Kak Tika mengatakan, ia dan kak Eka yang juga kakakku akan pergi menjenguk ayah. Kedua kakakku itu tinggal di salah satu kota yang berada di jawa Timur juga, namun kami jarang berkomunikasi. Kak Tika juga mengatakan dana untuk membeli tiket kapal kurang, karna suaminya belum gajian, sehingga ku bantu dana untuk membeli tiket. Aku berpikir lebih baik aku menunda kepulanganku sebab, sudah ada kedua kakakku yang akan menemani ayah. Sedang aku akan focus untuk mencari uang, aku tetap merasa was-was sebab ayah masih berada di ruang ICU, minimnya fasilitas di sana juga semakin membuatku gelisah.
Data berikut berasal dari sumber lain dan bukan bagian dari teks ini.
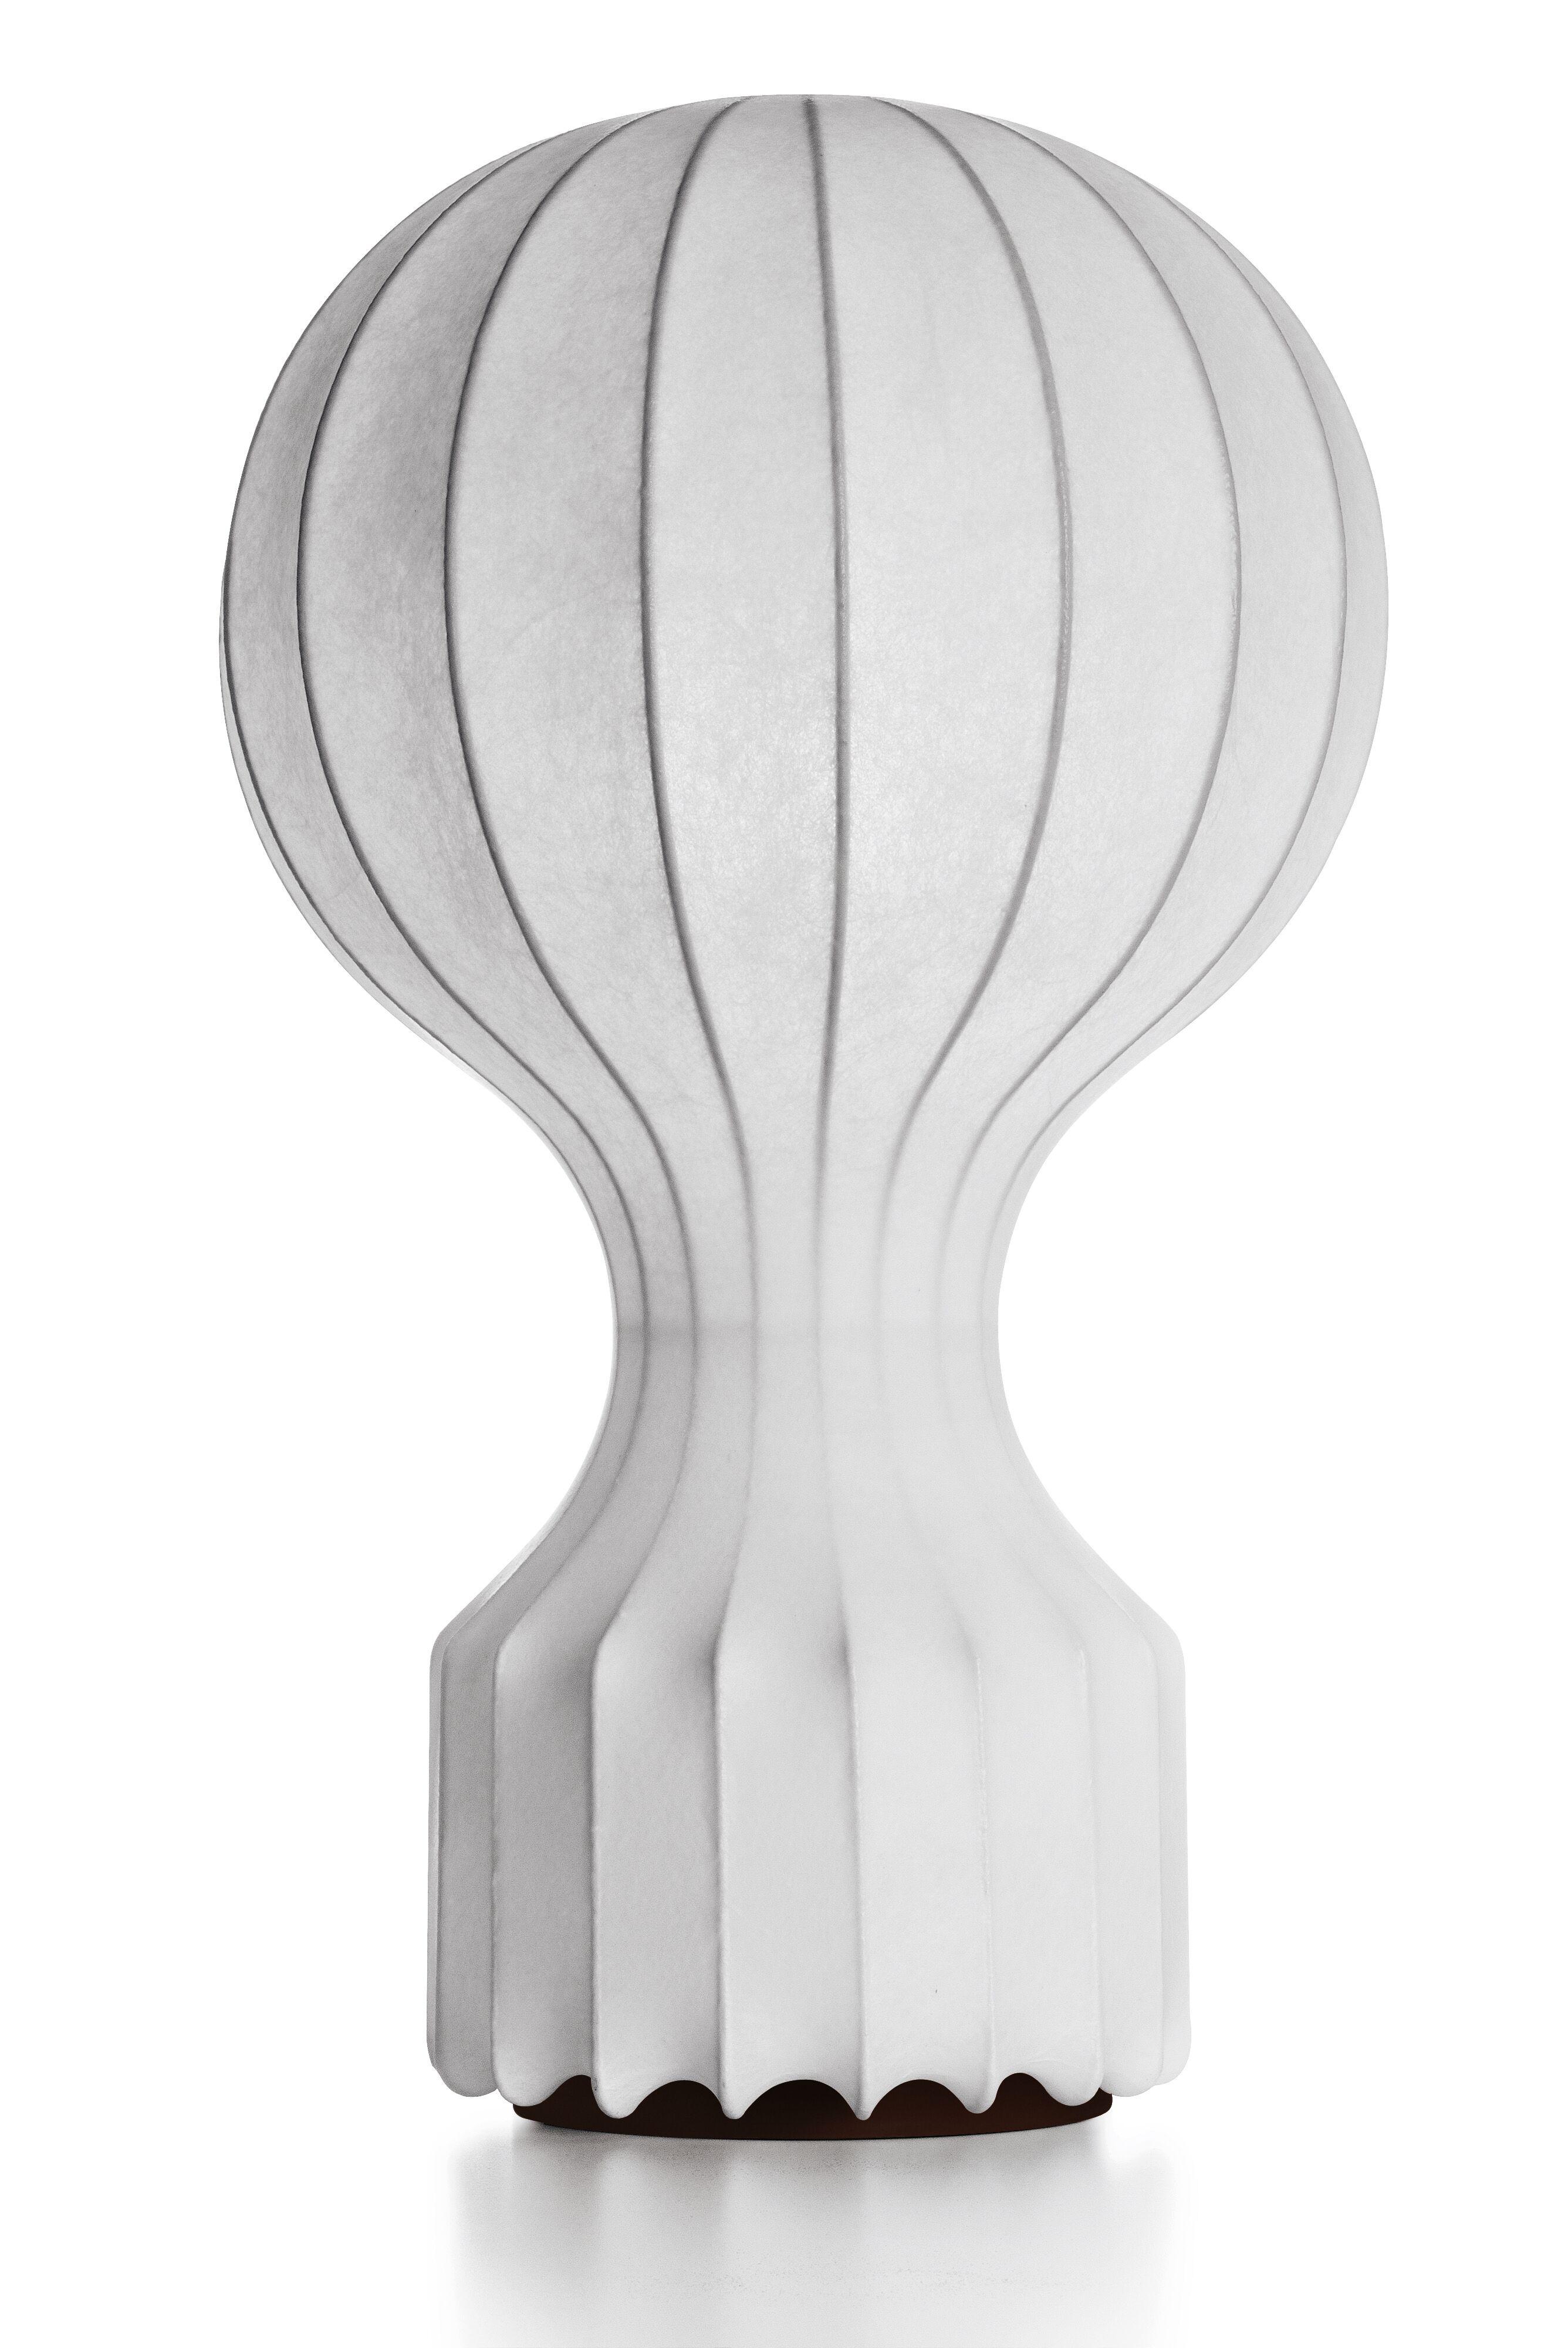 Gatto new Hvid Bordlampe - Flos
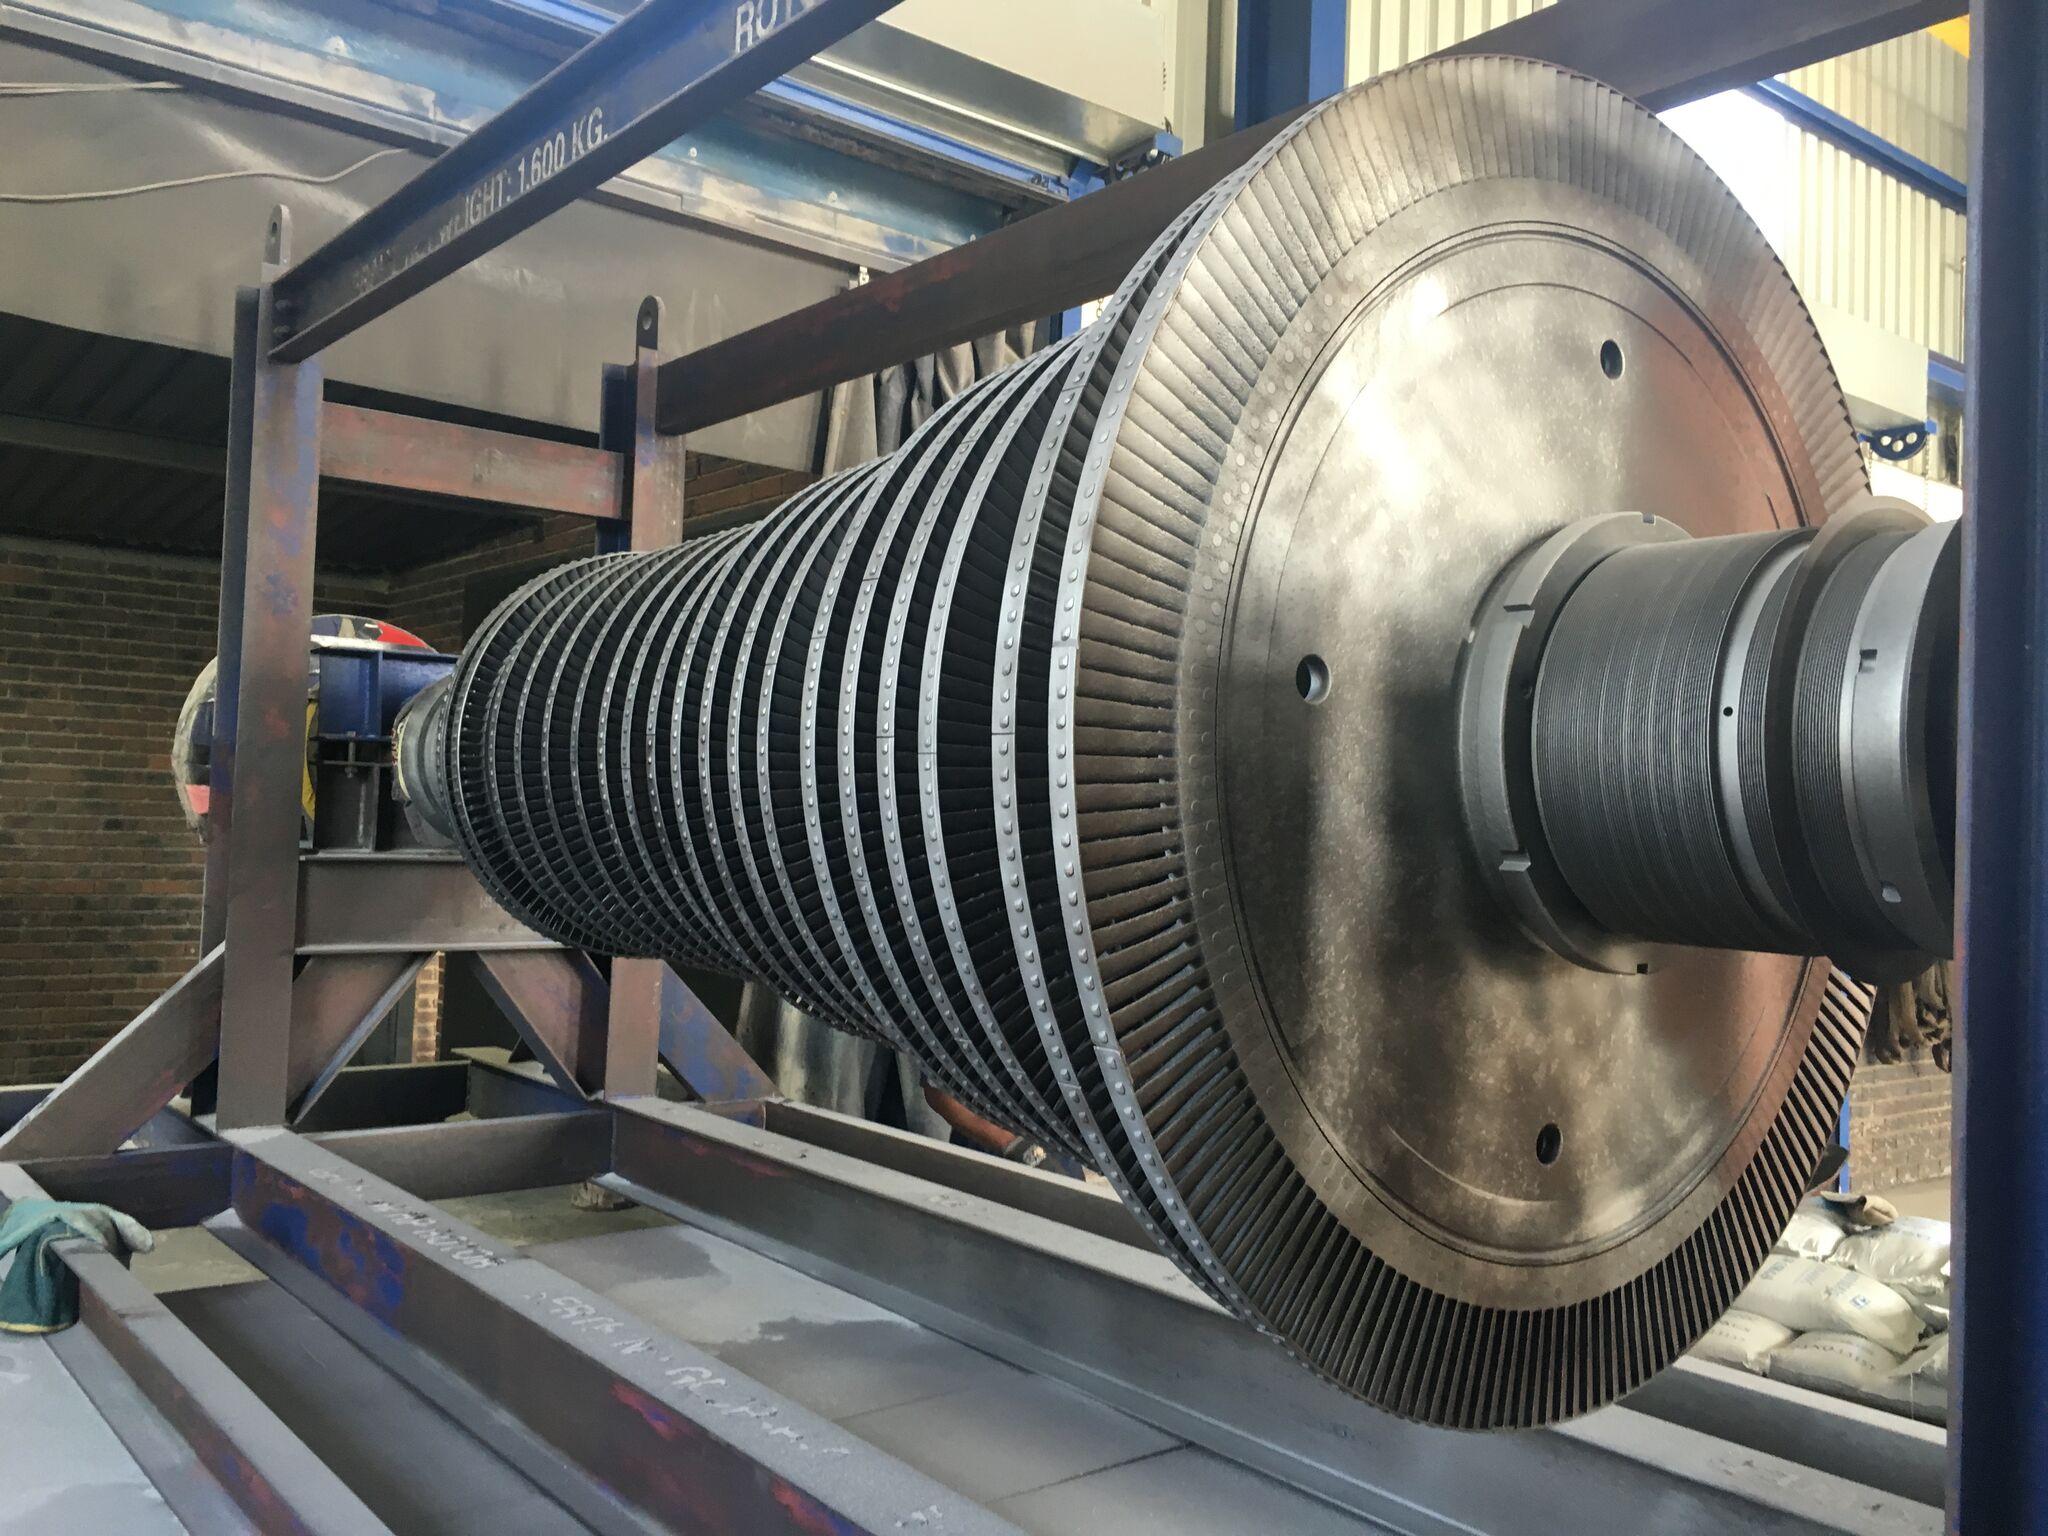 Glass bead blasting turbine rotor

Menurut kenalanku, saat ayah masuk Rumah Sakit, ayah sudah harus dipasang ring jantung segera untuk mencegah adanya buntuan pada pembuluh darah jantung, namun karna fasilitas yang tidak memadai, hal itu tidak di lakukan sehingga bisa menjadi penyebab pemulihan Ayah memanjang.

Aku hanya bisa menanyakan kabar ayah melalui Bowo dan juga mengirim uang melalui rekening Bowo. Lima hari berlalu, kondisi ayah sudah membaik, ku kira ayah akan di pindahkan ke ruang regular. Namun ternyata ayah langsung diperbolehkan pulang, sungguh senang sekali aku ditambah lagi masih ada kakak yang akan merawat ayah di rumah selama pemulihan, ku putuskan untuk tidak pulang. Ada pesan masuk "Assalamualaikum nduk, Ayah sudah pulang dari rumah sakit, kondisi ayah sudah semakin membaik, terimakasih atas semua perhatianmu buat Ayah nduk" isi pesan ayah untukku, ku balas pesan ayah agar beliau focus untuk menjaga kesehatannya dan meminum obat sesaui anjuran dokter, ditambah lagi ada kedua kakakku disana. Hampir setiap hari ku tanyakan kondisi ayah walaupun kami terhalang sinyal selular, ayah mulai mencoba melakukan aktivitas ringan seperti mencuci piring. Sebelum ayah sakit tidak ada orderan yang ayah kerjakan, mungkin hal itu juga yang memicu dropnya kondisi ayah, kata Bowo ayah merasakan nyeri dada setelah menyantap seekor udang.

Aku masih selalu dipenuhi pikiran yang tidak-tidak tentang hal buruk yang bisa saja terjadi pada ayah, namun aku tetap harus professional dalam pekerjaanku. Aku harus lebih gigih lagi untuk menopang kebutuhan yang bertambah, rasa mengeluh ku sirna, kesembuhan ayahku adalah segalanya saat ini. 3 hari berlalu, kak Tika kembali mengirimiku pesan "Dik, bisakah kakak pinjam uang 600 ribu untuk biaya swab dan karcis kapal, nanti kakak ganti kalau mas sudah gajian" isi pesannya, baru satu minggu dan kakak ku sudah mau pergi kenapa?, muncul rasa kesal dan penyesalan dalam diriku, harusnya aku tidak usah mengirimi kak Tika uang kapal, lebih baik aku cuti di luar tanggungan untuk merawat ayah. Semua amarah tetap ku tahan, ayah sedang sakit aku tidak ingin ayah mendengar anak-anaknya tidak akur. Tetap ku beri uang namun hanya 250 ribu saja yang penting aku ikhlas, aku berpikir kalau begini caranya, aku harus memberitahu ibu bila aku memberi uang kepada kedua kakakku, agar tidak terjadi kesalah pahaman.